Do you recall the first time you met your significant other? Where did it happen? More importantly, did you like the person? I met my own husband virtually first, through emails. I didn't much like him. I thought he was a bit snarky. Did I see myself with him? No. But sometimes those first impressions don't matter in the long run.
If you had read the Country Road Series by Grea Warner, you fell in love with Finn and Lara. But that wasn't the first time they had met... the two met in college. Ms. Warner has given fans what they want... a beginning for this super couple! ALL MY MEMORIES- A PREQUEL gives you a personal glimpse into their lives, the heartbreaks and special moments. ALL MY MEMORIES- A PREQUEL will allow you to see Finn and Lara in college, long before his country superstar days.
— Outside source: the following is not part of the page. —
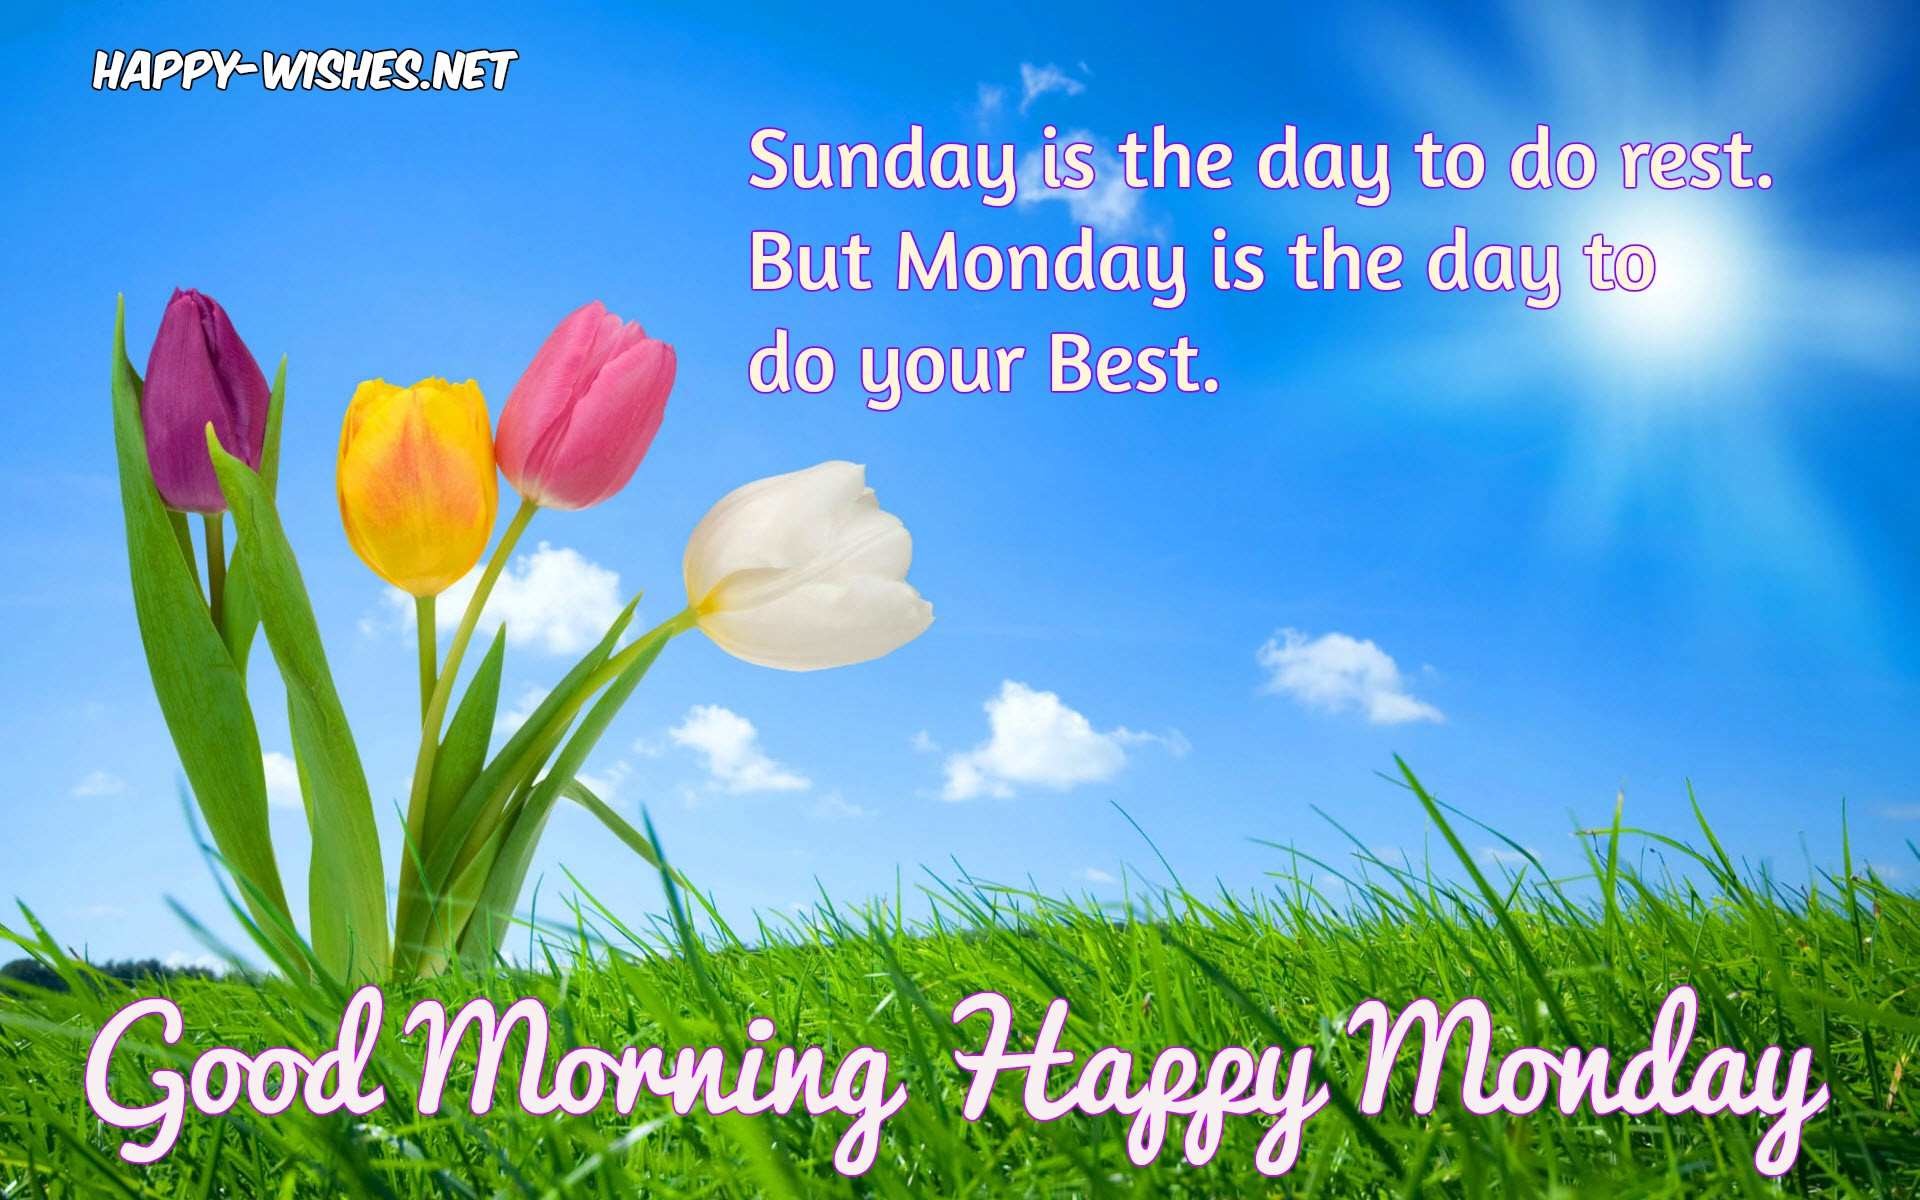 Good Morning Wishes On Monday Es - Monday Morning Wishes With Quotes , HD Wallpaper & Backgrounds

Before he sold out concerts and had number one hits ...
Before she moved away to escape her past …
Before they lost touch …
Carefree Finn Murphy and reserved Lara Faulkner were college classmates. With fate drawing them to reunite, memories of that time eight years before takes hold of their hearts and minds.
What made these two opposites form a bond and friendship? How did bad timing stop them from having more? And what is bringing them back together after so many years apart?
Told from both Lara and Finn’s point-of-view, All My Memories is a unique and insightful prequel to the emotional, award-winning Country Roads series.
“Ugh—the light. Why is it so bright?” I squinted and threw my forearm across my eyes.
I felt as if I was in a vacuum. There was a low buzzing sound in my ears. No, it was more like my head.
When I finally adjusted to my surroundings, I realized I was in my bed. The sheets were tousled and thrown. The pillows laid haphazardly on the floor. I could hear some of my fraternity brothers talking in the nearby lounge. I could tell it was probably closer to mid-day than morning by the slightest ray of light, which beamed a little too brightly through the crack in the window’s drapes. My stomach swished a little. And then I remembered. I remembered the night before.
“Oh, geez. Oh God. Lara,” I mumbled to myself.
What had I been thinking? Why had I kissed her? I knew “us” wasn’t going to happen. I hadn’t even felt that way for a while … since Audrey and I had become serious. Was there some validity to alcohol being a truth serum? What was it about Lara that messed with my mind … or was it my heart?
It didn’t matter, though. In the light of day—the obnoxious bright light of day—it didn’t matter at all. Everything was back to how it had been. Well, besides my head. That still needed the help of pain meds or, at least, water.